Amazing things Hubble taught us

  • 24 April 2015
Image copyright nasa/Esa/hubble

In its 25 years in orbit around the Earth, the Hubble has changed what we know about the Universe.

The Universe is 13.8 billion years old

Image copyright NASA/esa/hubble
Image caption This image helped astronomers work out the age of the Universe

Before the telescope launched, astronomers could only estimate that the Universe was somewhere between 10 billion years and 20 billion years old.

By measuring the brightness of stars millions of miles away, scientists were able to work out the age of the Universe with much greater accuracy.

They now think the Universe is 13.8 billion years old, give or take a few years.

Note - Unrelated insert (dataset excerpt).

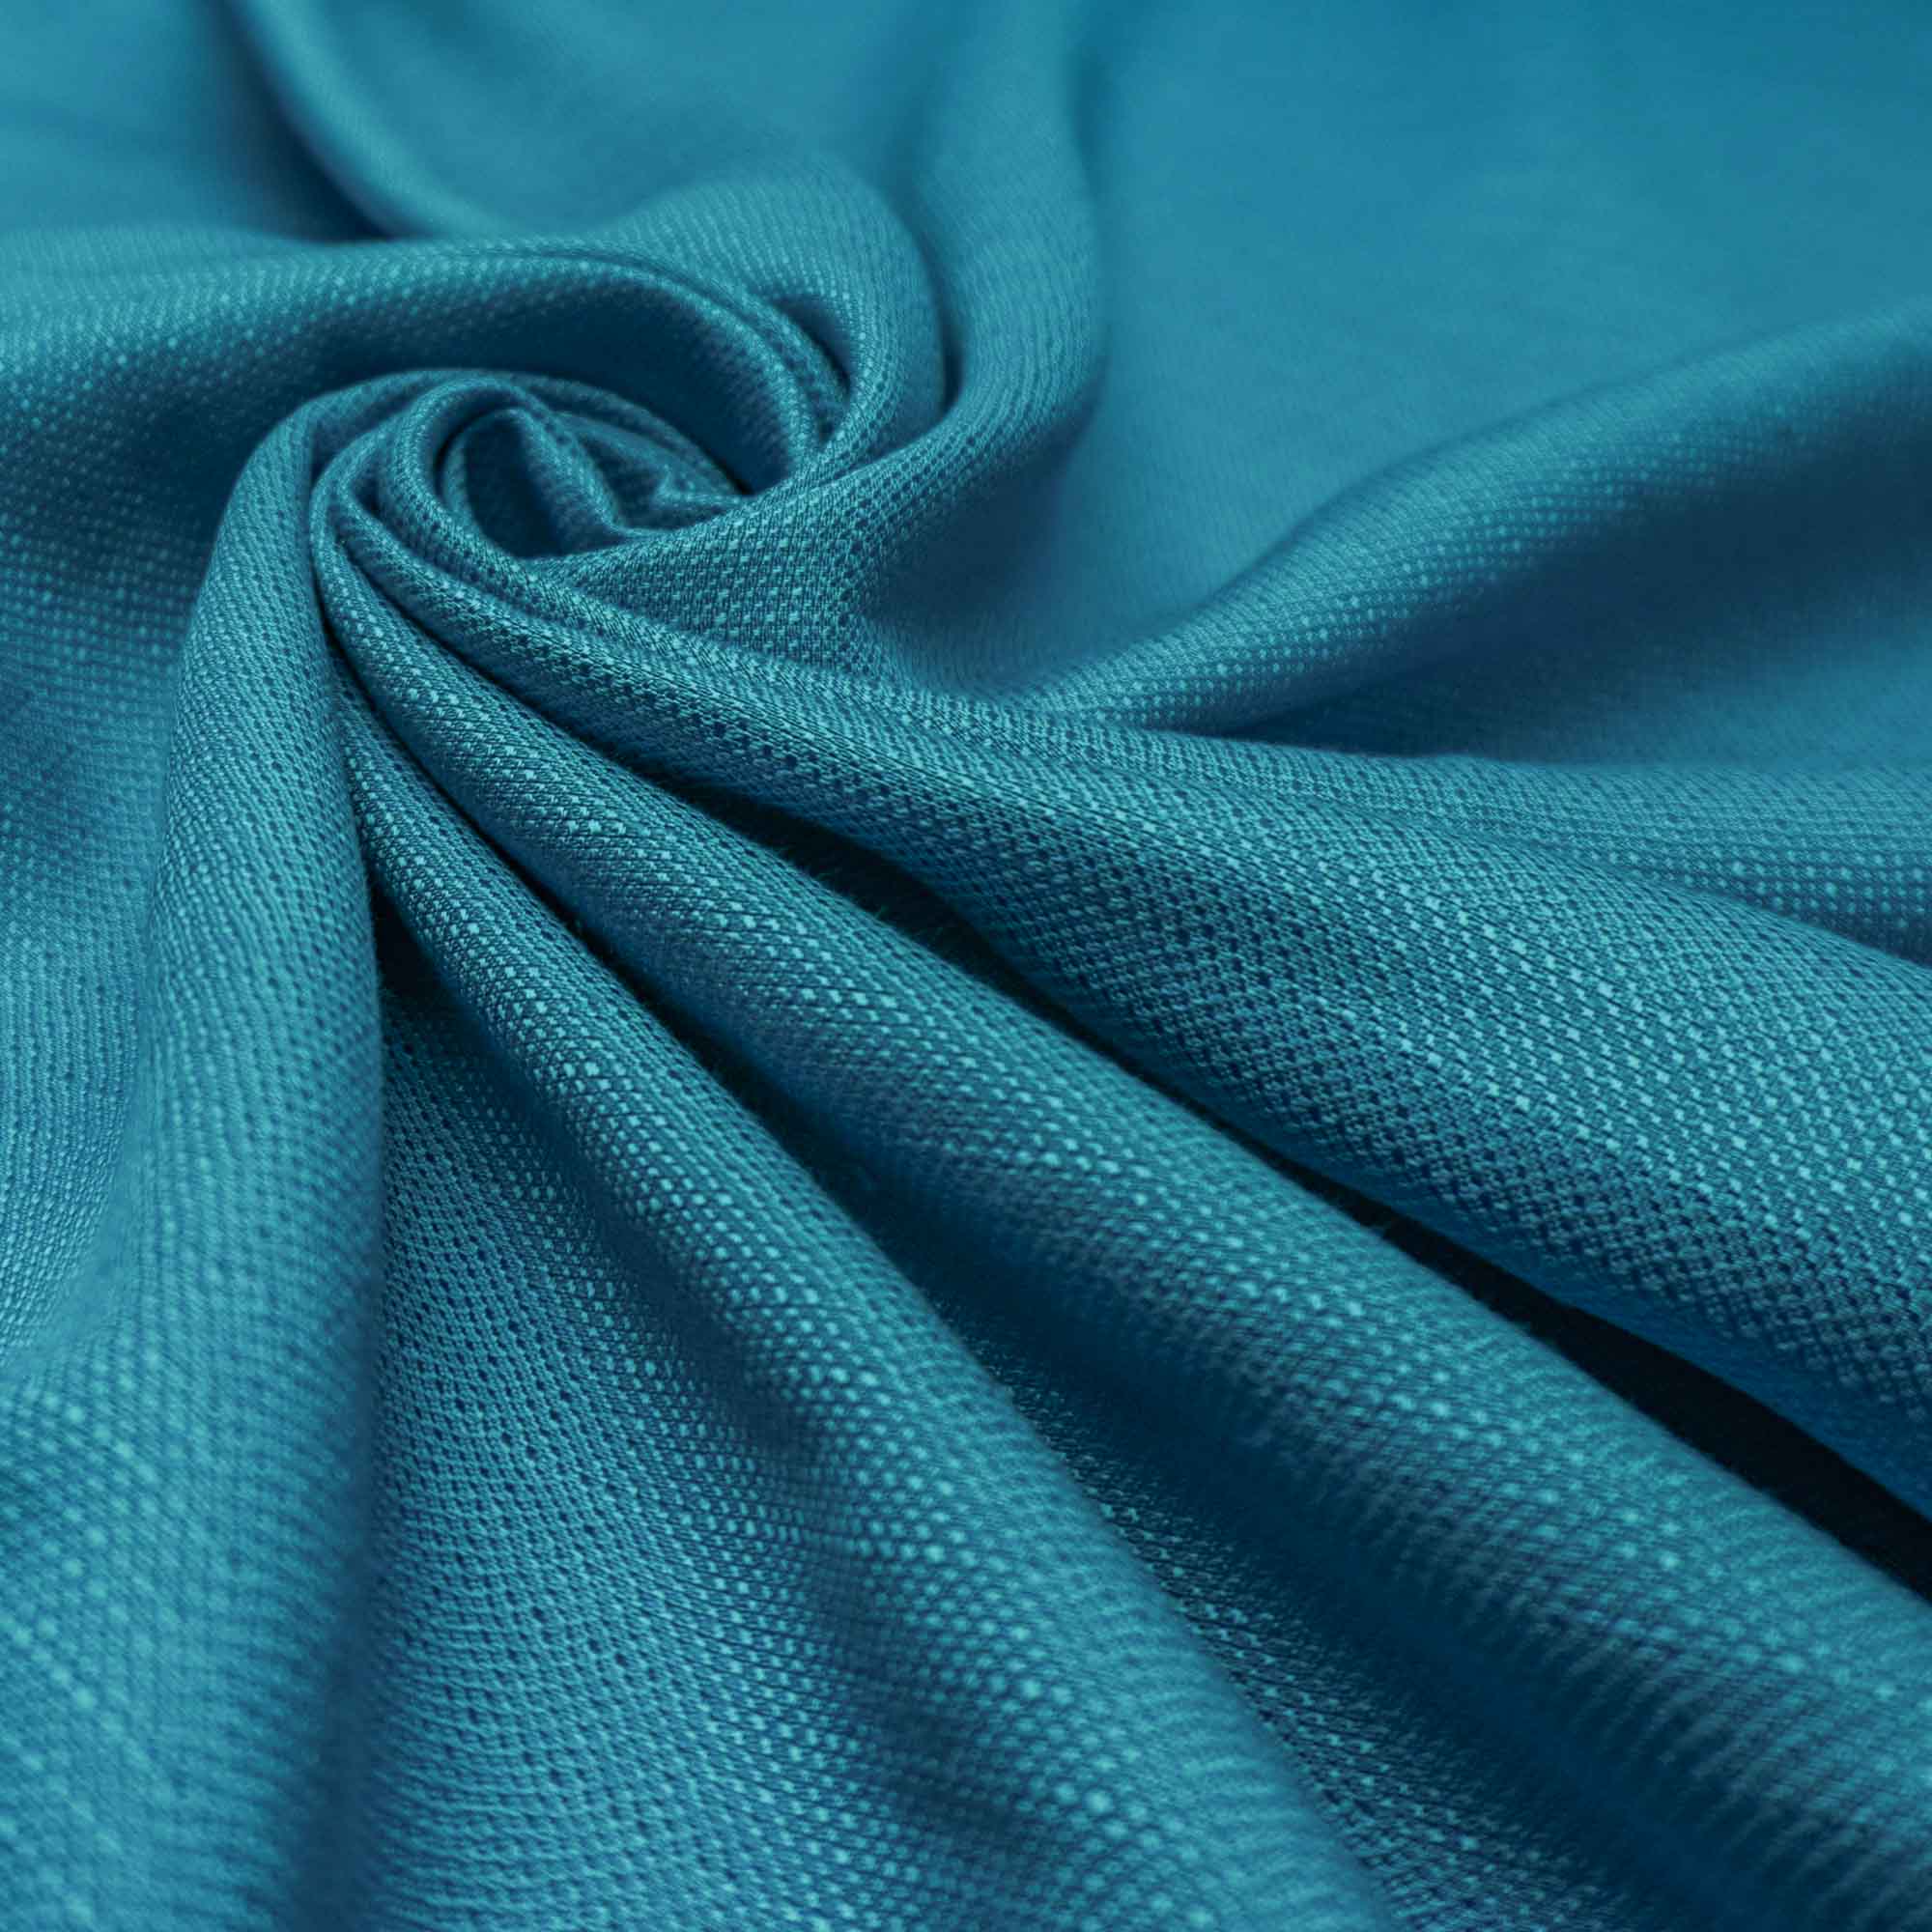 Tecido linho misto azul turquesa (tecido italiano legítimo)

The Universe contains billions of planets

Image copyright NASA/ESA/hubble heritage team

Back in 1995 the Hubble Space Telescope studied a small area of the Universe which scientists thought was empty.

"We thought there was nothing in that space," space expert Dr Maggie Aderin-Pocock told Newsround.

"But when we developed the film, we realised that in that space were 3,000 galaxies."

"It means that in the whole of the Universe there are billions of galaxies, billions and billions of planets," she said.

Image copyright NASA/esa/hubble heritage team
Image caption A closer look shows each tiny speck is a whole galaxy, containing hundreds of stars and planets

Black holes really exist

Image copyright NASA/esa/hubble
Image caption Galaxy NGC 4526 has a supermassive black hole at its centre, with the mass of 450 million Suns

For hundreds of years, scientists had written theories about black holes.

A black hole is believed to be an object with a pull of gravity so strong that even light can't escape it.

Scientists couldn't test their theories about black holes until the Hubble Space Telescope was launched.

Hubble provided images clear enough to show that the pull of gravity did affect light, and we now know black holes exist.

That's not all...

  • Light takes millions of years to reach Hubble from the distant reaches of the Universe. That means the telescope can see back in time, and capture stars being born billions of years ago.
  • In 1994, Hubble saw a comet hit Jupiter. Watching the impact of the collision has helped scientists find out more about what happens when these space rocks hit planets.

The future of Hubble

Image copyright NASA/esa/hubble

In its 25 years of service, the Hubble Space Telescope has had to be repaired a few times.

Sending astronauts to fix Hubble is expensive and can be dangerous, and no more repair visits by astronauts are planned.

Eventually some of Hubble's important systems will fail and the telescope will no longer work.

Scientists are already working on the James Webb Space Telescope which will take over Hubble's amazing work.

The new telescope is expected to launch in 2018.